The lack of attention to water in climate change policy is not the only major problem, though. Another vital issue is the disproportionate impact experienced by people already bearing many burdens. The 2014 U.N. Resolution on Human Rights and Climate Change states:

While these implications [of climate change on human rights] affect individuals and communities around the world, the adverse effects of climate change will be felt most acutely by those segments of the population that are already in vulnerable situations owing to factors such as geography, poverty, gender, age, indigenous or minority status and disability.

In California, this means that it is especially low-income communities of color who are affected — who can’t trust the water that comes out of their taps (if it does). Who are forced to buy bottled water that they can’t afford for their daily needs. Who are forced to decide between paying the rent and buying water.

“Discrimination and lack of access to safe affordable water will only get worse with climate change — unless we don’t let that happen. It is happening in the drought negotiations in California, and it is only the beginning,” says Jones.

Building community power and resilience

It bears repeating: “unless we don’t let that happen.” That is exactly why UUSC is partnering with the Environmental Justice Coalition for Water (ECJW) to take on these challenges in California. The partnership — and the larger coalition that each organization is part of — has already seen success and is working toward more progress in protecting the human right to water in the face of climate change.

The previous 2012 legislative victory is making a difference now, during the drought negotiations.
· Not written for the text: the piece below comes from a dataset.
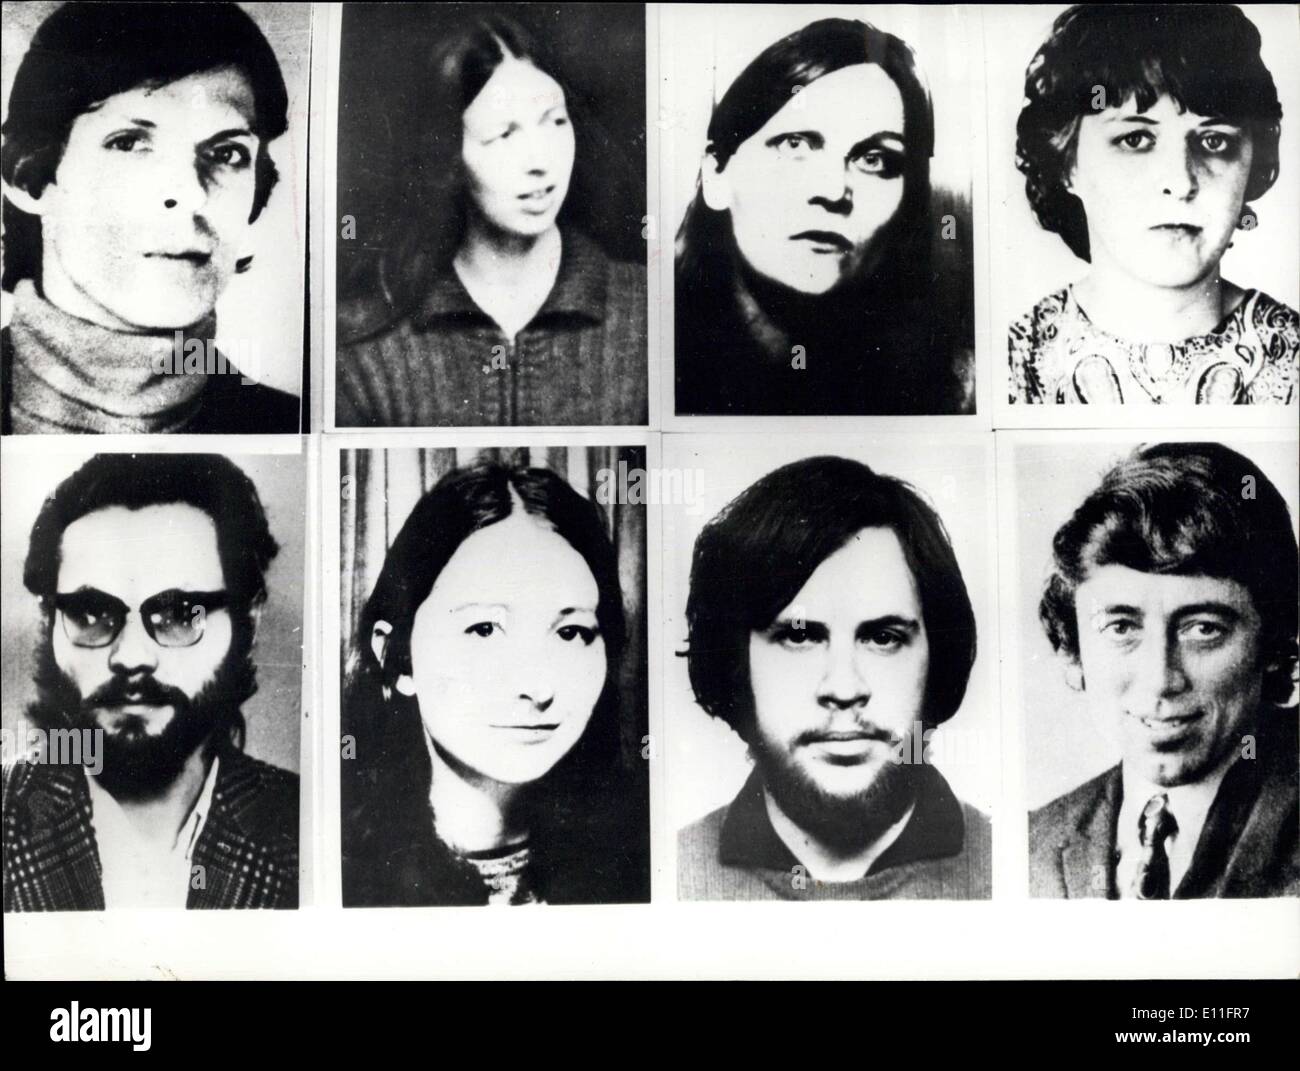 Oct. 25, 1977 - The Biggest Search In History ForThe Killers Of Dr Schleyer: On the very same night of October 19th, when the body of Hanns-Marting Schleyer was found, the FGR started the biggest search in history of Germany. Wanted are 16 terrorists in connection with the murder of Schleyer. Thousands of posters and handbills have been handed out by the police. Photo Shows: L-R Christian Klar, Elisabeth Von Dyck, Brigitte Mohnhaupt, and Silks Maier-Witt; Bottom rolf Clemens Wagner, Friedericke Krabbe, Rolf Heissler, and Joerg Lang Stock Photo

Jones explains, “Because of the Human Right to Water Act, our community partners are no longer outside the door, outside the building, not even knowing the meetings are happening. They are in the room and at the table negotiating for their interests.” That means the voices of the people most affected by contaminated water — and no water at all — are being heard as decisions get made by government agencies active in setting water policy and allocating funding in the midst of the drought.
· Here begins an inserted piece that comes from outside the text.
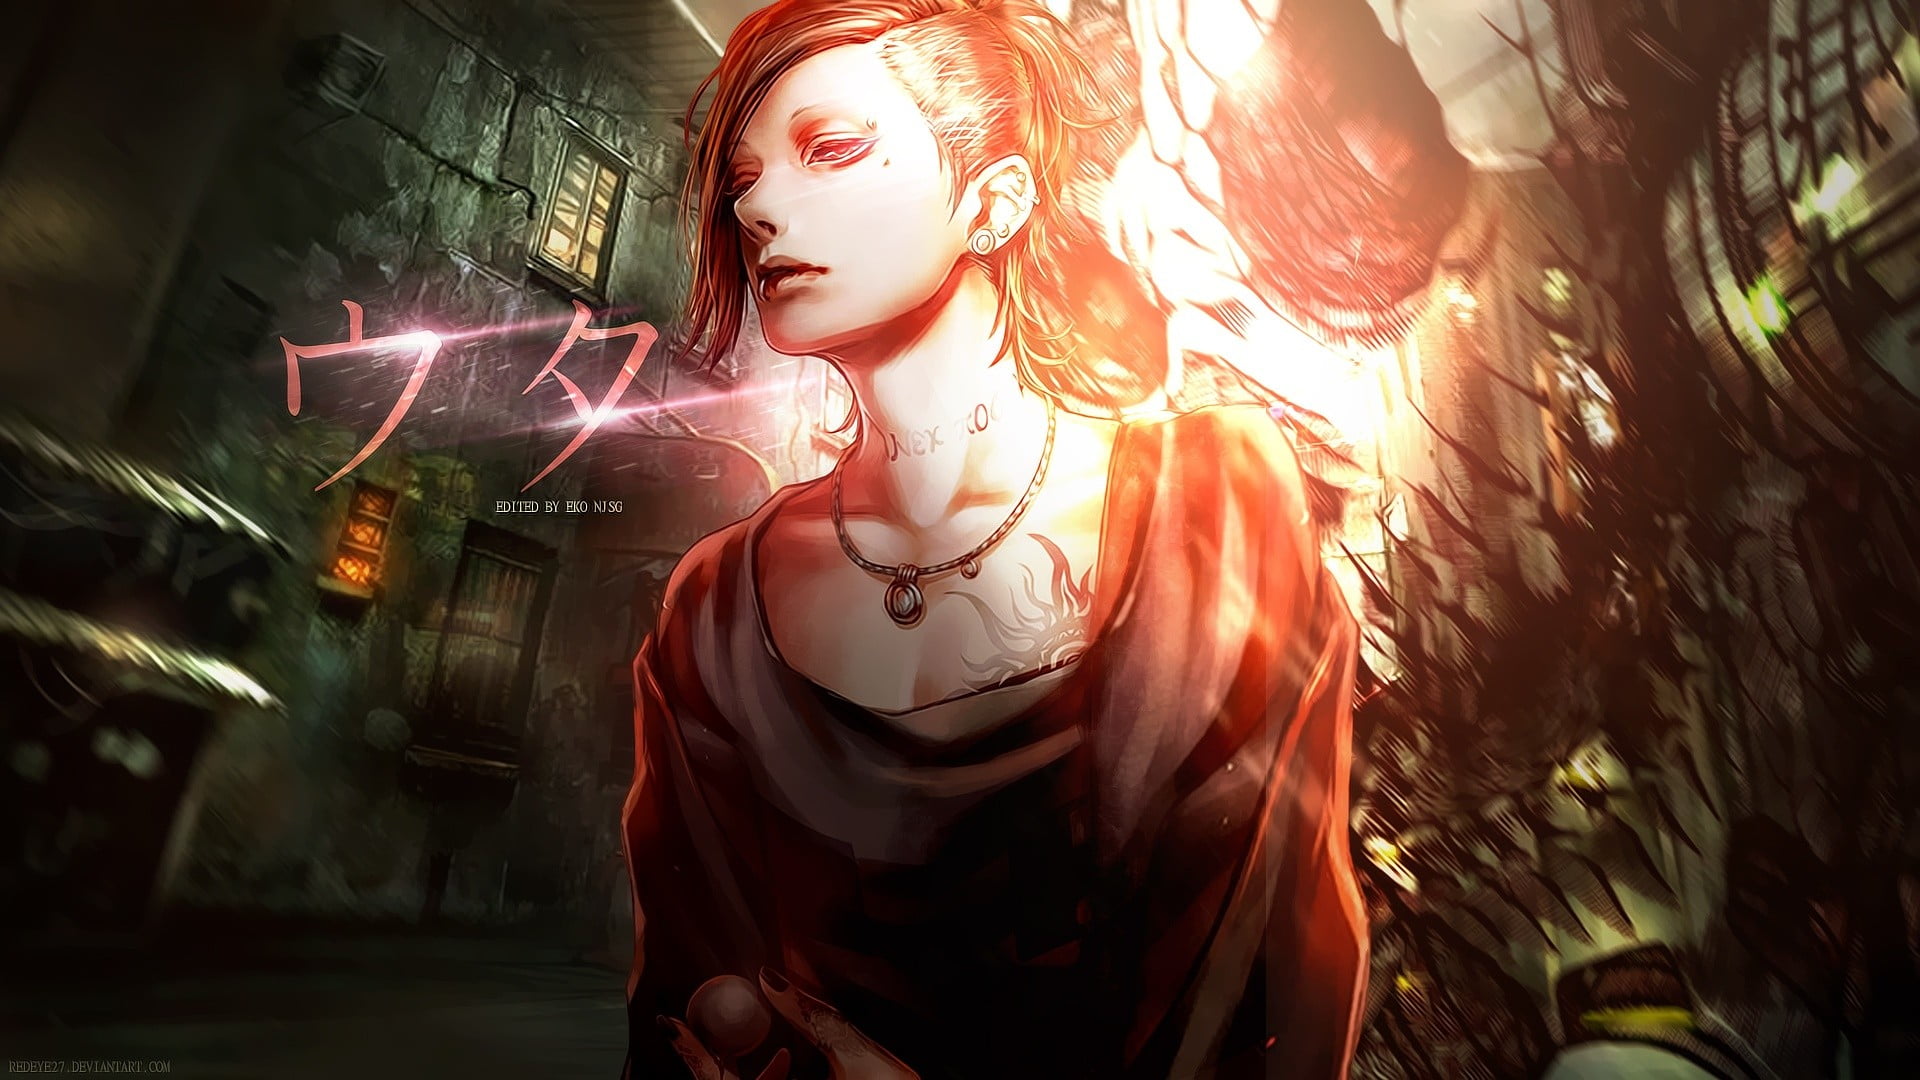 Female anime character illustration, anime, Tokyo Ghoul ...

UUSC is supporting EJCW in a wide range of activities, including community organizing, advocating for fair funding, and exploring waterless sanitation systems. As Jones wrote in UU World, “EJCW is spearheading major initiatives with foundations, academic think tanks at Stanford University and the University of California, and social justice organizers to forge a path for climate resiliency in the drought negotiations and beyond. This groundbreaking effort is different from most climate change work because it brings the climate resiliency movement and water resources management together, with a focus on water justice.”
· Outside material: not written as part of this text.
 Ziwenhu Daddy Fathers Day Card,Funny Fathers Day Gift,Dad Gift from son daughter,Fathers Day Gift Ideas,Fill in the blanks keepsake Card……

Members and supporters of UUSC are taking action, too, by raising awareness and funds for this work through the Blue Buckets campaign, part of UUSC’s Climate Justice Sunday program. This kind of support can make the following — and more — possible:

  • Tankers full of water can provide families with water for cooking, cleaning, and drinking.
  • Busloads of people from communities that lack safe water can go to Sacramento to speak to elected officials during drought negotiations.
  • EJCW can continue to explore innovative solutions to the water crisis.
  • Research on water affordability and discrimination can be undertaken.

Drop, ripple, wave

Climate change is not going away. But neither is the climate justice movement. Case in point: UUSC has joined with several other UU organizations and thousands of people of faith and conscience to take collective long-term action for climate justice through the Commit2Respond initiative.

Jones wrote in UU World: “I believe there is hope. We can scale up innovative models coming from frontline communities around the world—if we make sure climate negotiations include adaptation funding that doesn’t stop at the borders of the developed countries.”

Actions can add up. Positive change can be achieved. UUSC will continue to work with partners and supporters who are dedicated to defending the rights of people most affected by climate change and to protecting the human right to water.